Third and finally, plaintiffs assert that defendants have enforced the challenged statutory provisions as part of a conspiracy to force them out of business in violation of Sections 1 and 2 of the Sherman Act. According to this theory, former Governor Walker, the Illinois Department of Revenue, and the Illinois Association of Tobacco and Candy Distributors (the Association) conspired to create a monopoly for Illinois merchants who compete with Indiana sellers in the market for retail cigarettes bought by interstate travelers. Thus the Department supposedly instituted its statutory enforcement procedures "at the urging" of the Association, which had made monetary contributions to Walker's political campaign. Employees of the department then misused their official positions by harassing and intimidating westbound customers through arrests and confiscations of property. The Department also issued press releases which threatened bulk purchasers with arrest and confiscation. This action was calculated to frighten customers and to induce them not to patronize the Indiana retailers. Furthermore, the Department imposed an arduous and inaccessible procedure for acquiring permits to lawfully transport large numbers of cigarettes. Since the Department required applications for permits to be submitted two weeks in advance of the date of transporting the cigarettes, these delays have quashed impulse buying by casual purchasers. Therefore, in promulgating these enforcement procedures, defendants have attempted to lessen or eliminate competition between Indiana and Illinois cigarette retailers and have created a restraint of trade which substantially interferes with interstate commerce, in violation of Sections 1 and 2 of the Sherman Act. As a result, plaintiffs claim that their businesses stand to lose annual sales of 40 million cartons of cigarettes, or roughly 12 million dollars per year.

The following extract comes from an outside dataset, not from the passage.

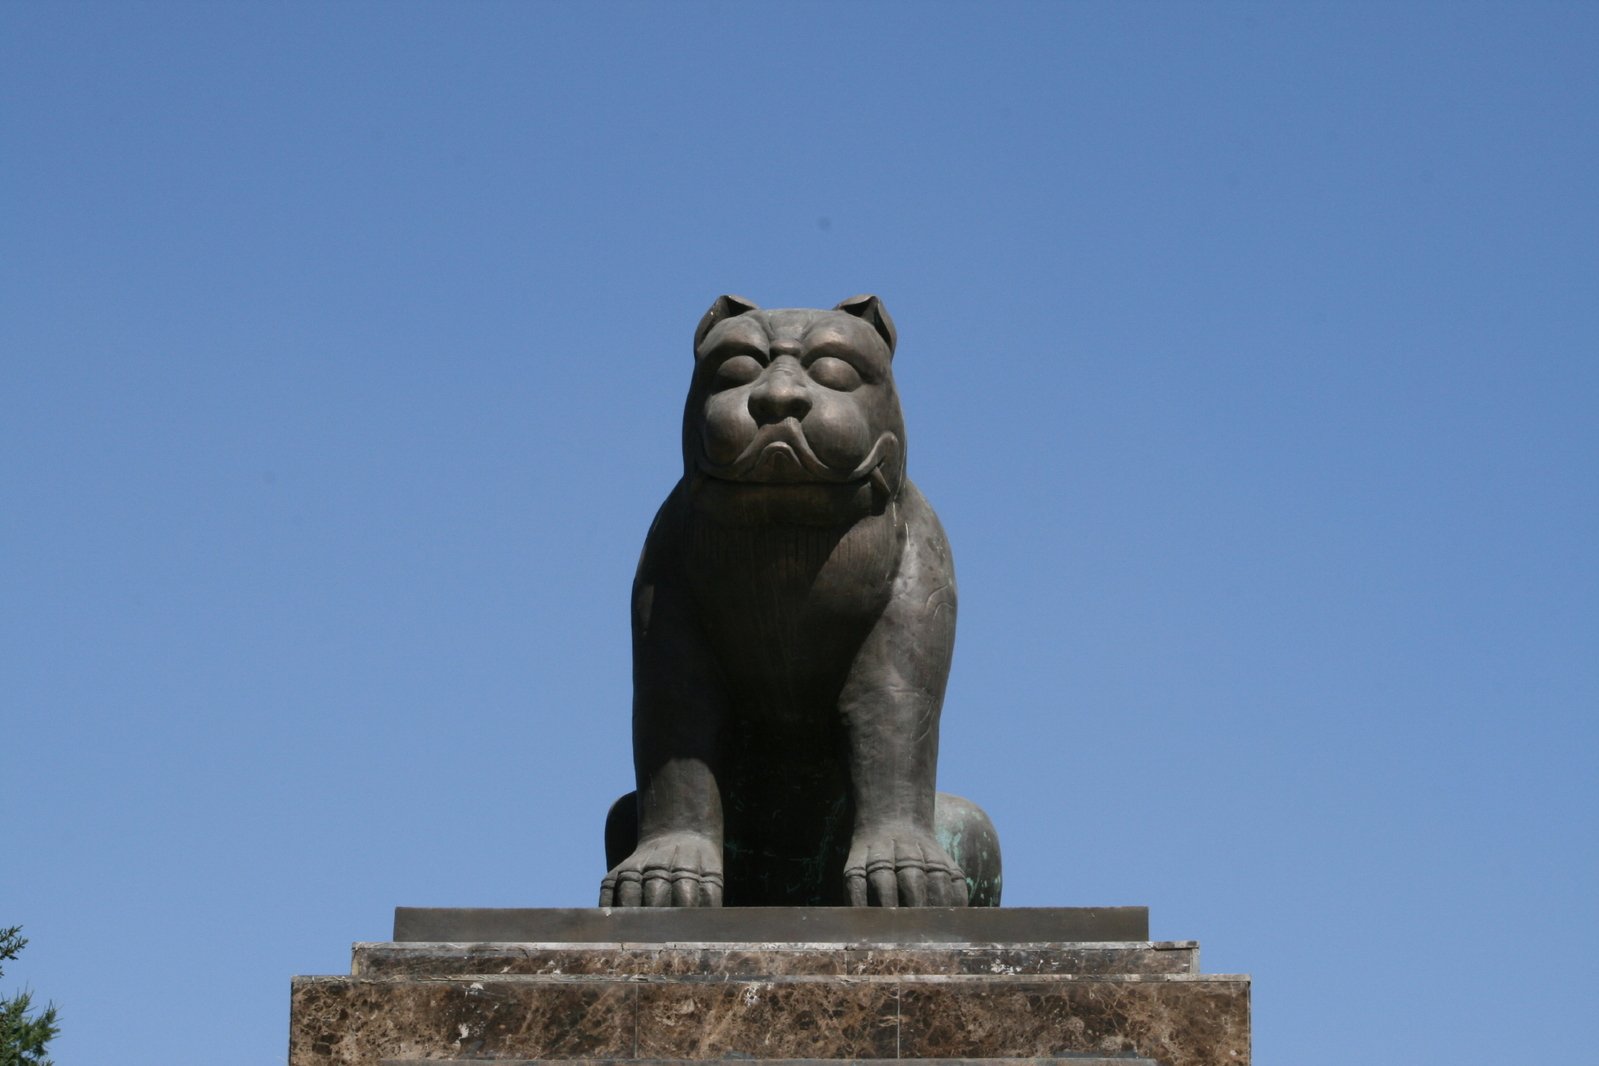 a statue of a lion sitting on a pedestal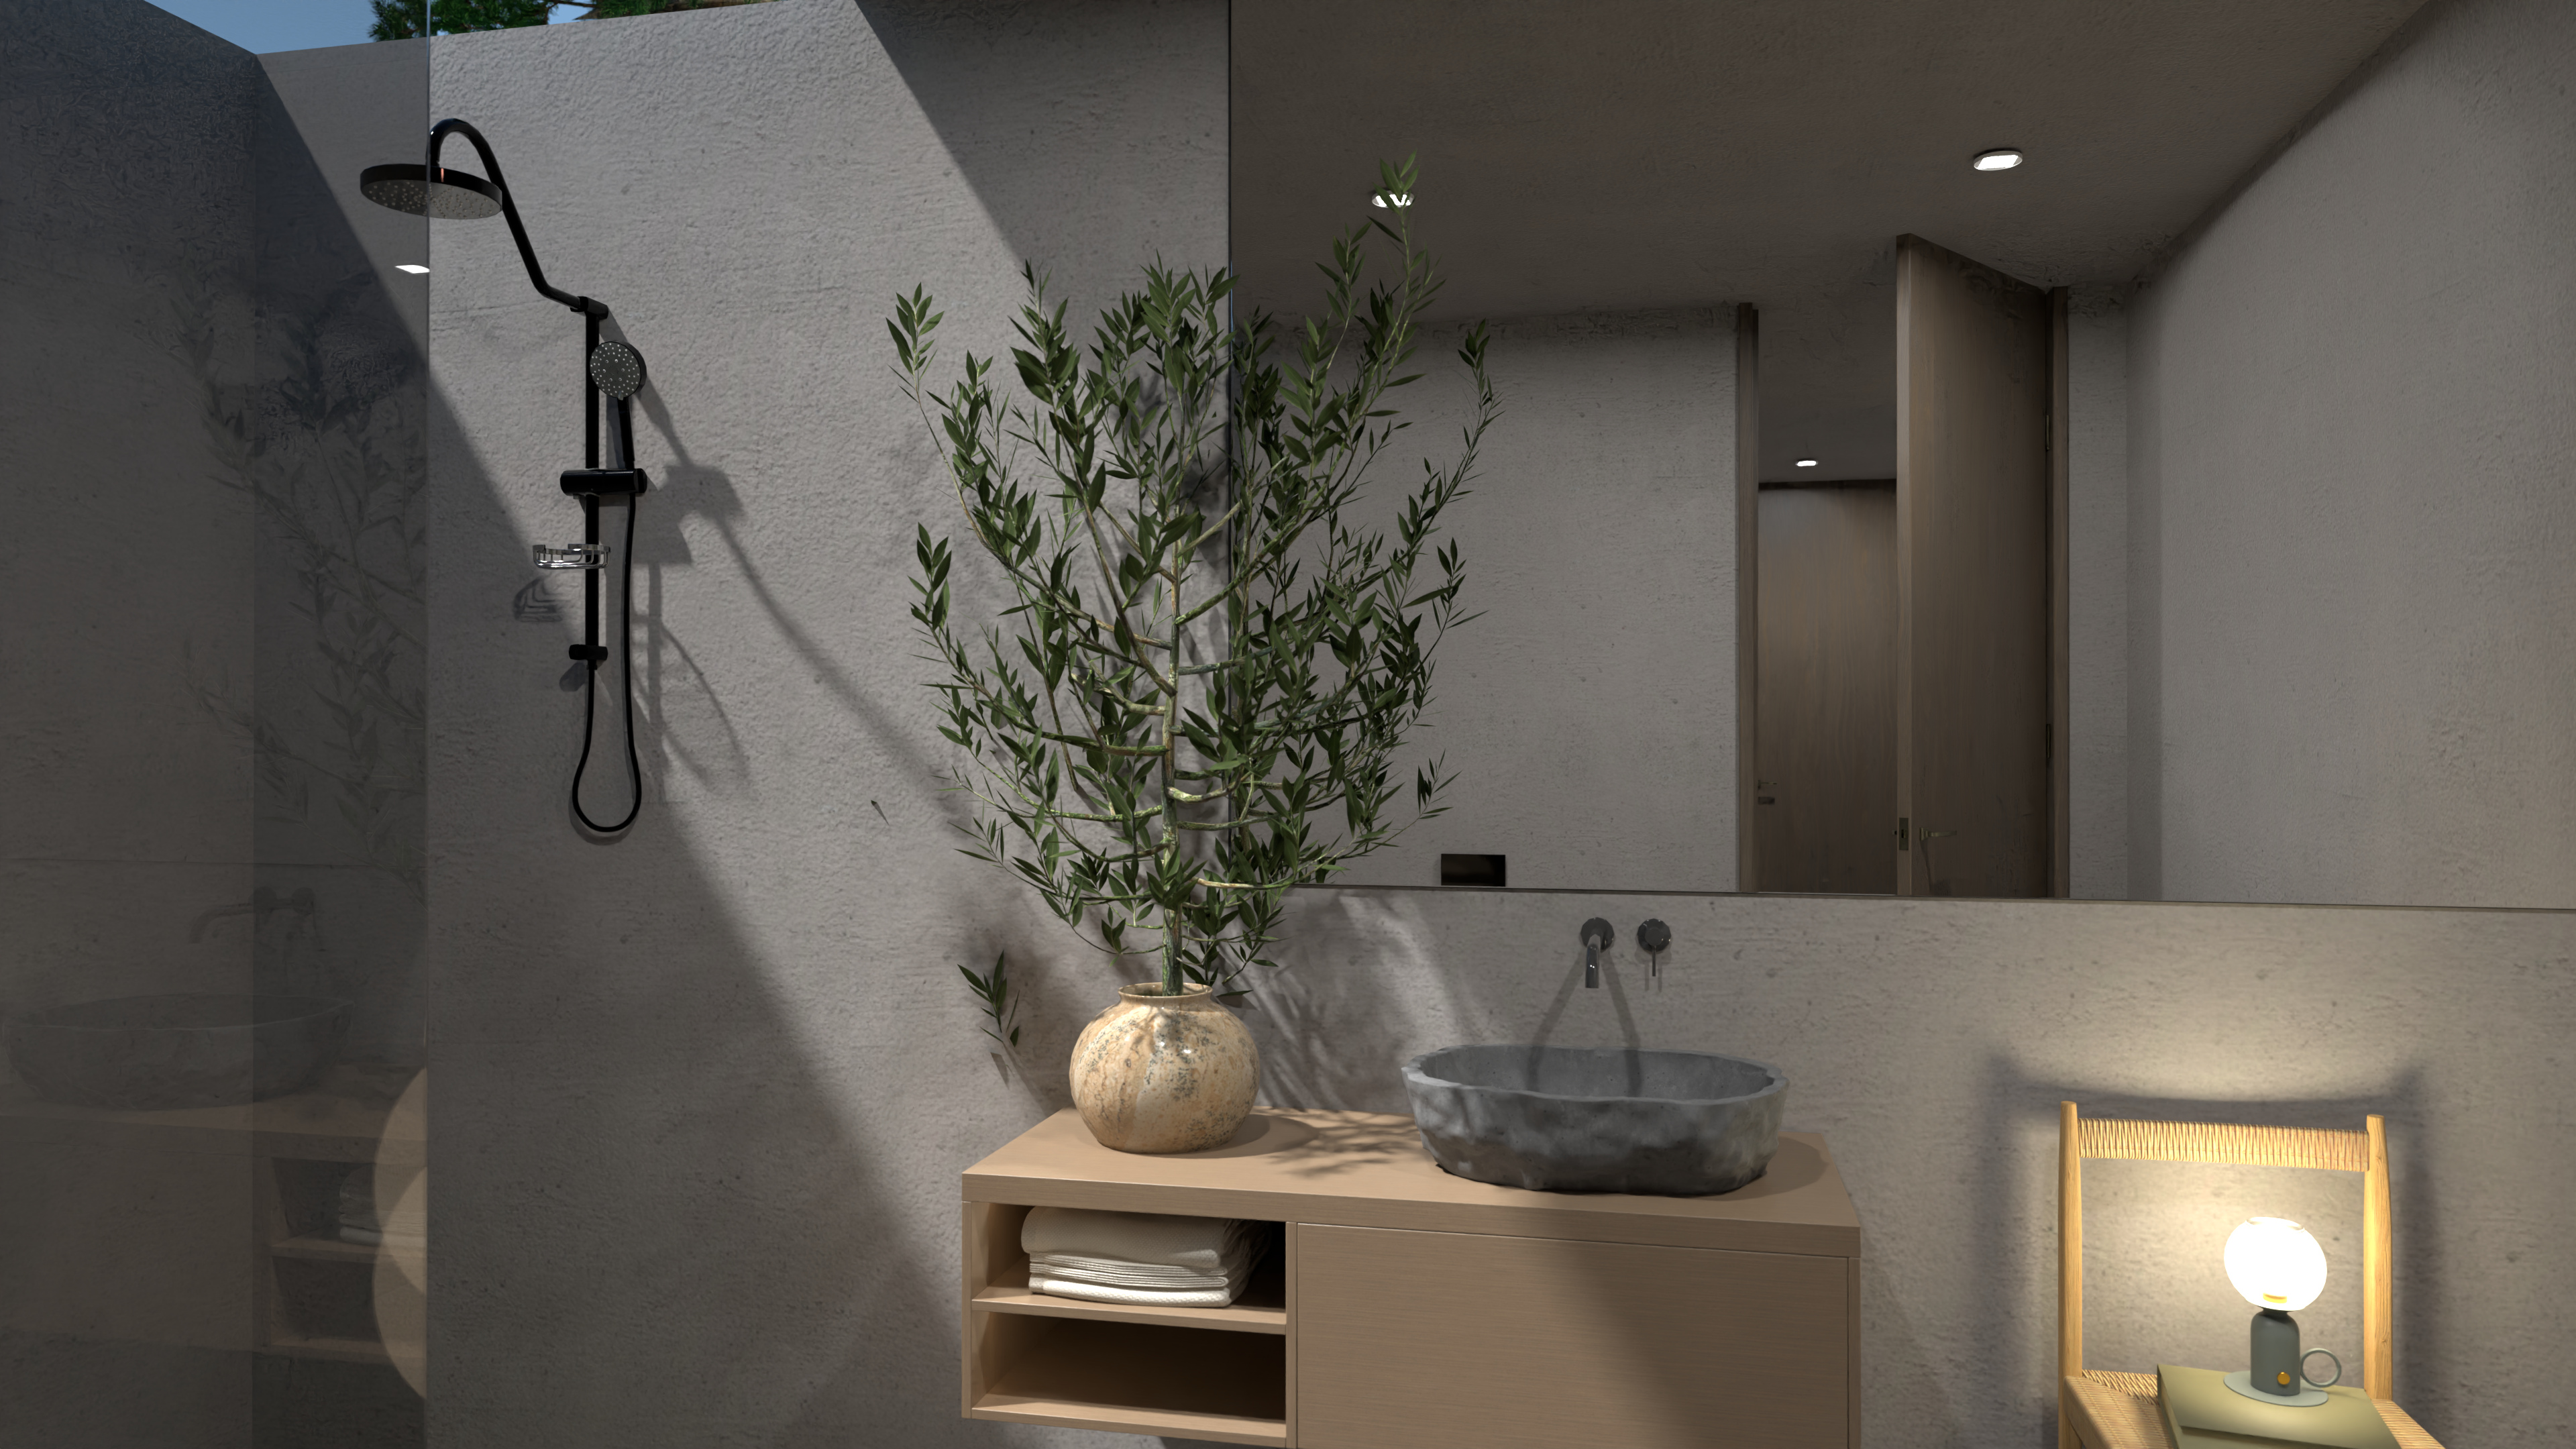 Arizona Modern House - Bathroom 13991135 by Ana G image

In his prayer for relief, plaintiffs seek a declaratory judgment that Sections 453.9c and 453.18 are unconstitutional, and a preliminary and permanent injunction against defendants' enforcement of these statutes and against defendants' infringement of their constitutional rights. They also seek injunctive relief to compel defendants to cease interference with their businesses, to provide readily accessible permits to prospective customers, and to stop trespassing on plaintiffs' property. For past constitutional and statutory violations, plaintiffs demand 12 million dollars in compensatory and punitive damages from each defendant, as well as treble damages for unfair competition from the Director of the Illinois Department of Revenue, the Department itself, and the Illinois Association of Candy and Tobacco Distributors.
In response to the complaint, all the defendants have filed motions to dismiss for failure to state a claim and for lack of subject matter jurisdiction. The motions advance numerous arguments for dismissal, some of which are adopted by or apply to all the defendants, and others which are particular to one or more defendants. Briefly stated, defendants argue that the action is barred by 28 U.S.C. § 1341 since it seeks to enjoin the assessment or collection of state taxes, that plaintiffs lack standing to challenge the constitutionality of the statutes, that these constitutional claims do not present a sufficiently substantial federal question to confer jurisdiction under 28 U.S.C. § 1331, that jurisdiction over the State of Illinois as a party defendant is barred by the Eleventh Amendment, that the action is barred by principles of res judicata and collateral estoppel, and that the complaint fails to state a claim for relief under § 1983 or the Sherman Act. We shall consider the objections in this order.
I. Jurisdictional Challenges A. Section 1341
The threshold question is the existence of subject matter jurisdiction over plaintiffs' complaint. The complaint requests a declaration that two sections of a state tax statute are unconstitutional and an injunction against enforcement of these tax laws against certain persons. Consequently, it is subject to a jurisdictional attack under 28 U.S.C. § 1341, which provides that:
The district courts shall not enjoin, suspend or restrain the assessment, levy or collection of any tax under State law where a plain, speedy and efficient remedy may be had in the courts of such State.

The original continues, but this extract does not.